Meine Arbeit ist in zwei größere Teile gegliedert. Bevor ich mich der eigentlichen Fragestellung, dem bilingualen Lexikon und dem Prozess des Zugriff auf lexikalisches Wissen zuwende, befasse ich im ersten Teil der Arbeit, im Kapitel 2, mit dem Grundwissen zur Struktur und Organisation im mentalen Lexikon bei einsprachigen Personen. Der Schwerpunkt liegt hier auf der Erläuterung des Begriffes “mentales Lexikon“ sowie auch auf der formal-strukturellen und inhaltlichen Gliederung des mentalen Lexikons. Des Weiteren wird das Lexikon als eine Komponente des Langzeitgedächtnisses diskutiert. Abgesehen davon wird in diesem Kapitel ebenfalls die Aktivierung und Informationsübertragung im Lexikon auf der Basis von hirnphysiologischen Prozessen diskutiert. Dieses Grundwissen bildet den Ausgangspunkt für das darauf folgende Kapitel, in dem Aktivierung und Abruf lexikalischen Wissens während des monolingualen Sprachproduktionsprozess behandelt werden. Hinsichtlich des lexikalischen Zugriffs werden Innerhalb der Psycholinguistik zwei zeitlich unterschiedliche Ablaufmuster angenommen. Das erste Muster, das von zwei diskreten, nacheinander folgenden Schritten ausgeht, wird in dieser Arbeit anhand des hierarchisch - seriellen Speaking-Modells von Levelt (1989) behandelt. Das zweite Ablaufmuster geht von zwei weitgehend zeitgleichen Aktivationsvorgängen (Dietrich 2002: 165) aus. Diese Idee wird in den so genannten konnektionistischen Modellen vertreten. In Kapiteln 3.2 und 3.3 werden zwei solche Modelle beschrieben: das Independent Network Model Caramazza (1997) und das Interactive Activation Model von Dell (1986). Der Unterschied zwischen diesen zwei konnektionistischen Modellen besteht in der Richtung des Aktivierungsflusses zwischen den jeweiligen Sprachproduktionsebenen.
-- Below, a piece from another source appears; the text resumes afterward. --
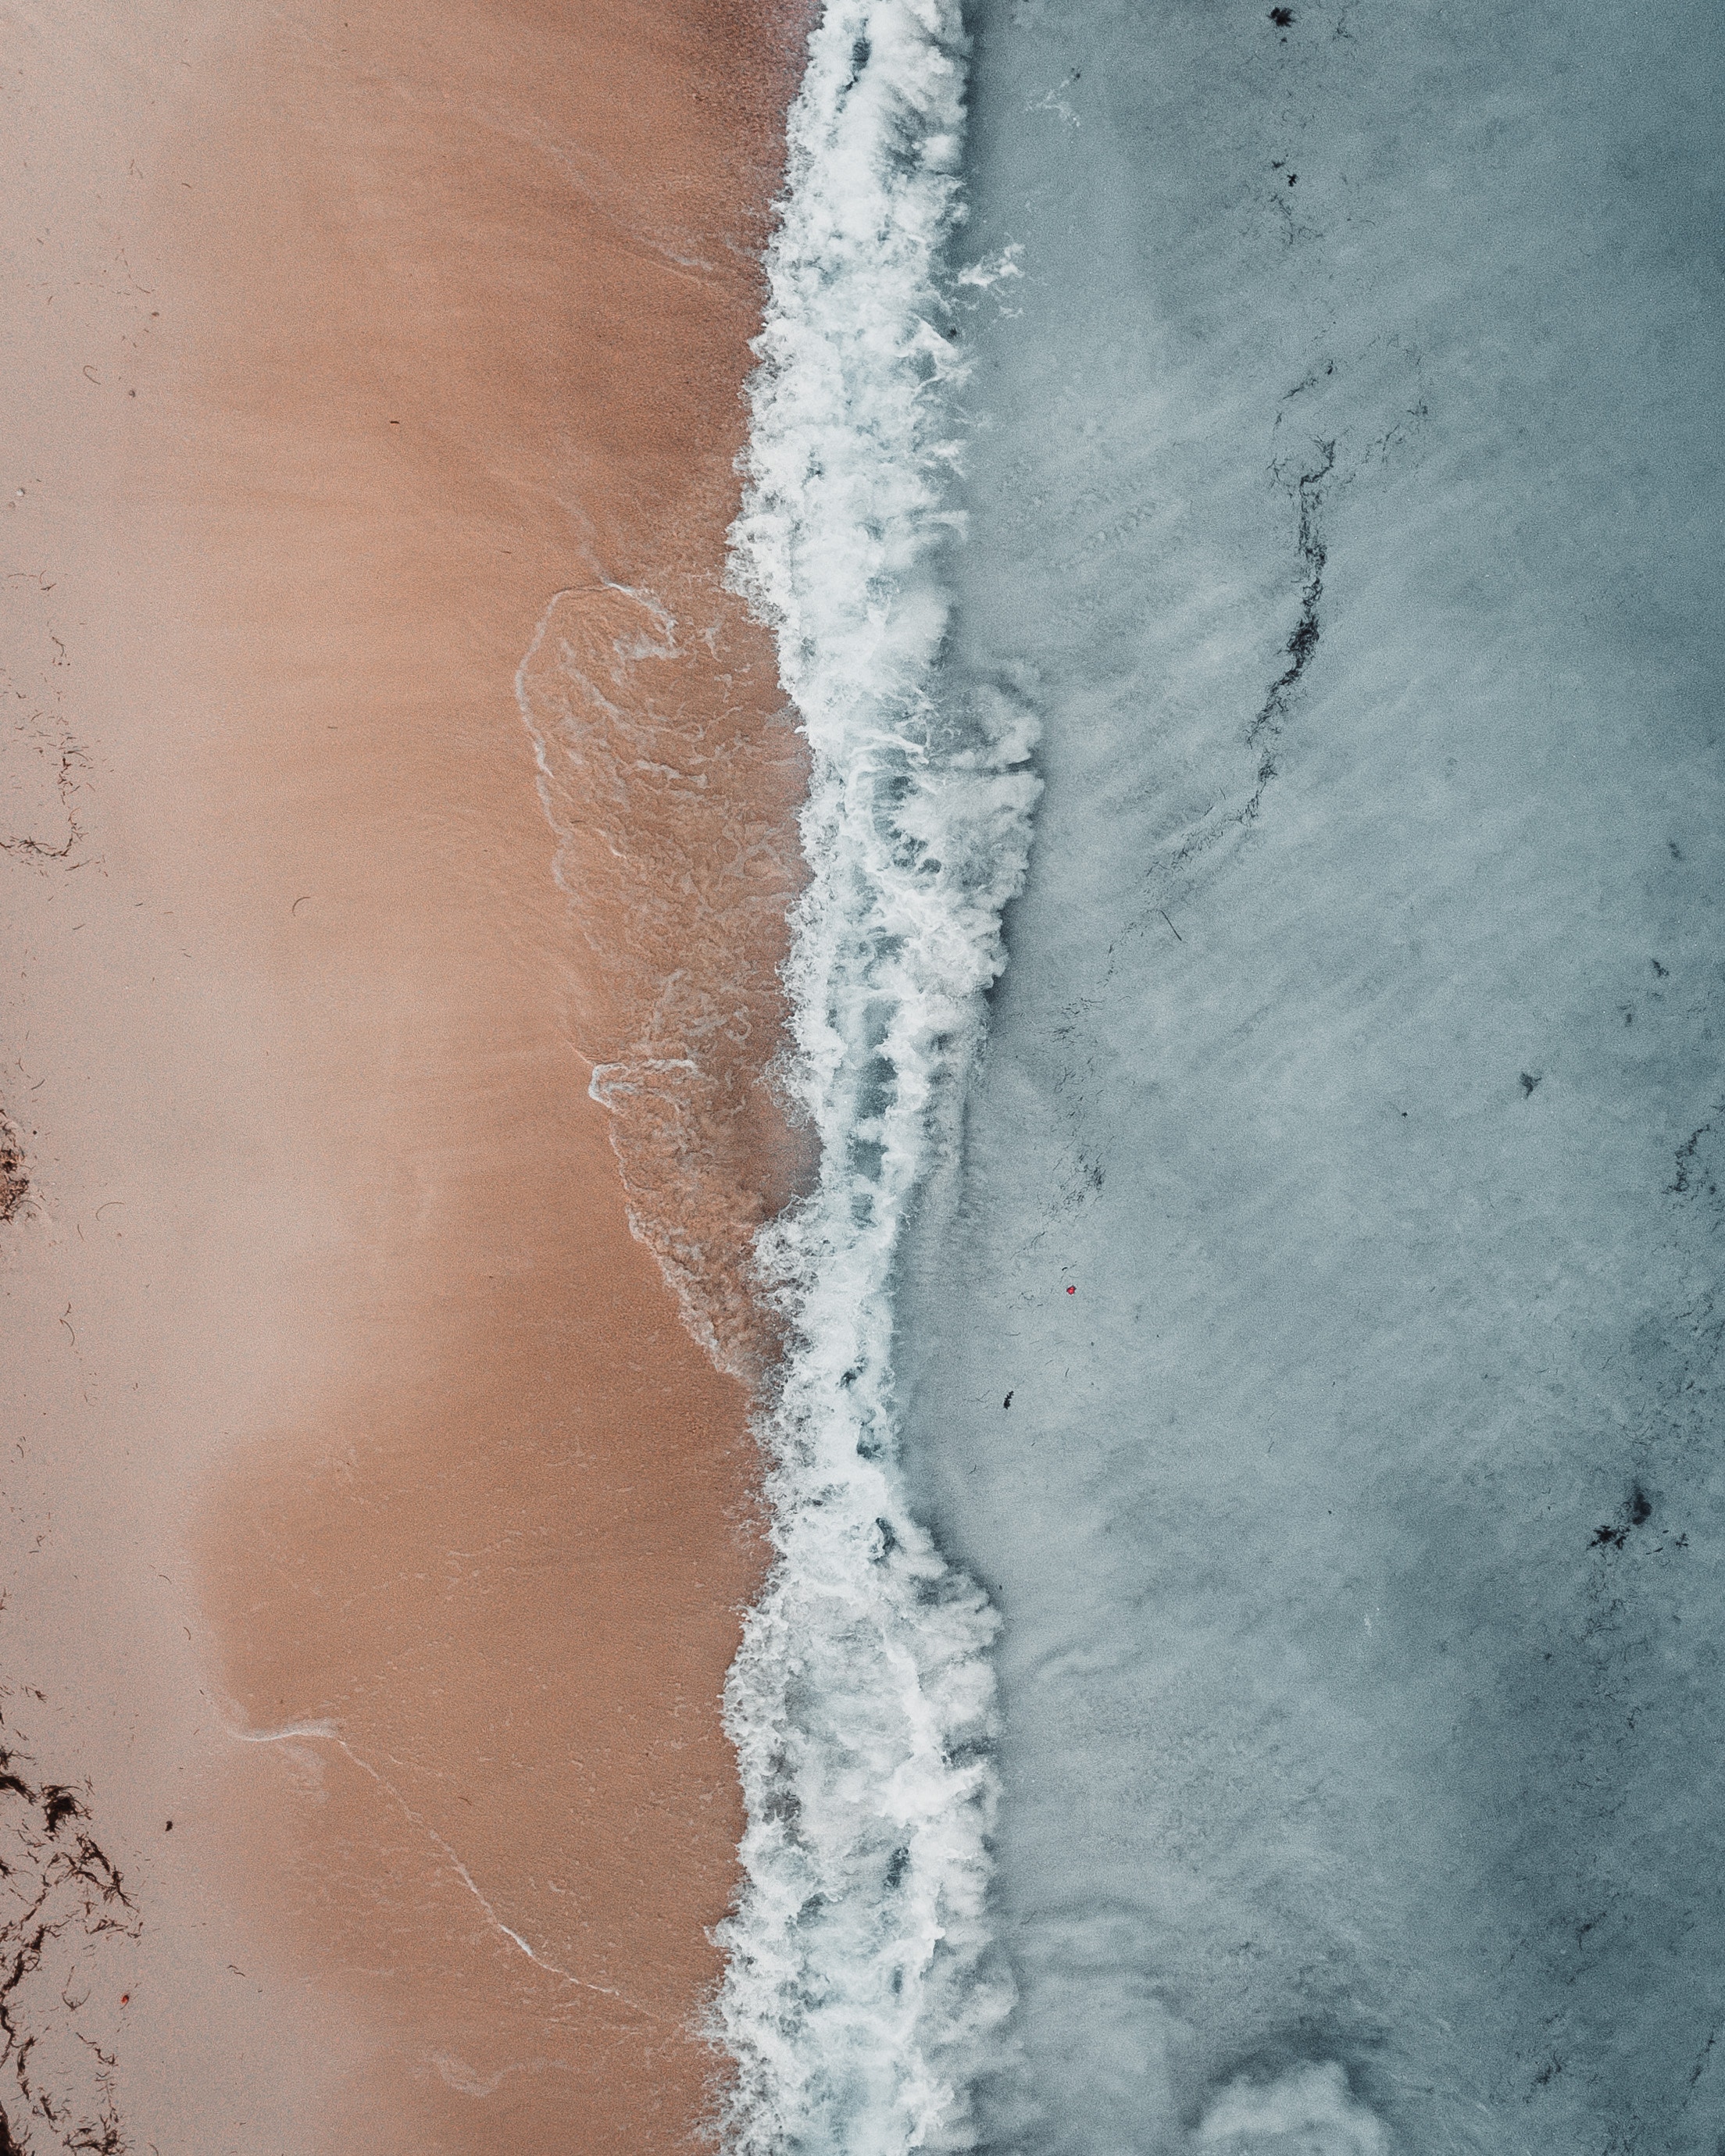 wave, view from above, nature, sand, shore, bank, ocean, surf iphone wallpaper

Das Wissen über die Struktur und Organisation sowie auch über den Prozess des Lexikonzugriffs bei Einsprachigen bildet die Basis für den zweiten Teil meiner Magisterarbeit.

In diesem Teil gilt die Aufmerksamkeit dem bilingualen mentalen Lexikon – seiner Organisation und dem lexikalischen Abruf. Bezüglich der Organisation des bilingualen Lexikons etablierten sich in der Forschung zwei Annahmen: die Annahme eines gemeinsamen Lexikons und die Annahme von zwei getrennten sprachspezifischen Lexika Diese Annahmen werden im Kapitel 4 in Anlehnung an die Organisationsformen von Weinreich (1953) diskutiert. Des Weiteren werden in diesem Kapitel Faktoren diskutiert, die die Organisation und Verarbeitung im bilingualen Lexikon beeinflussen. Zu diesen Faktoren gehören unter anderem die Gebrauchssituation, der Erwerbskontext, die Sprachkompetenz, der Grad der Bedeutungsüberschneidung, die Häufigkeit des gemeinsamen Gebrauchs.

Wenn man von einem gemeinsamen Lexikon ausgeht, so ergibt sich die Frage, wie ein Bilingualer weißt, welche Sprache er für die intendierte Äußerung braucht. Im darauf folgenden soll die Frage nach der Festlegung der Sprache, die für die jeweilige Äußerung benötigt wird, behandelt werden. Mit dieser Frage beschäftigen sich mehrere Modelle zur bilingualen Sprachproduktion. Zwei davon werden in diesem Kapitel erläutert.

Im letzten Kapitel soll der Prozess des bilingualen lexikalischen Zugriffs bei kompetenten Bilingualen anhand empirischer Untersuchungen diskutiert werden. Bezüglich des bilingualen Lexikonzugriffs stehen sich zwei Hypothesen gegeneinander: die sprachspezifische und nicht-sprachspezifische. Die meisten Forscher vertreten die nicht-sprachspezifische Hypothese des lexikalischen Zugriffs. In der psycholinguistischen Forschung wurden einige Untersuchungsmethoden entwickelt, die die beiden Annahmen zu überprüfen. Einige dieser Untersuchungsmethoden werden im diesem Kapitel aufgeführt.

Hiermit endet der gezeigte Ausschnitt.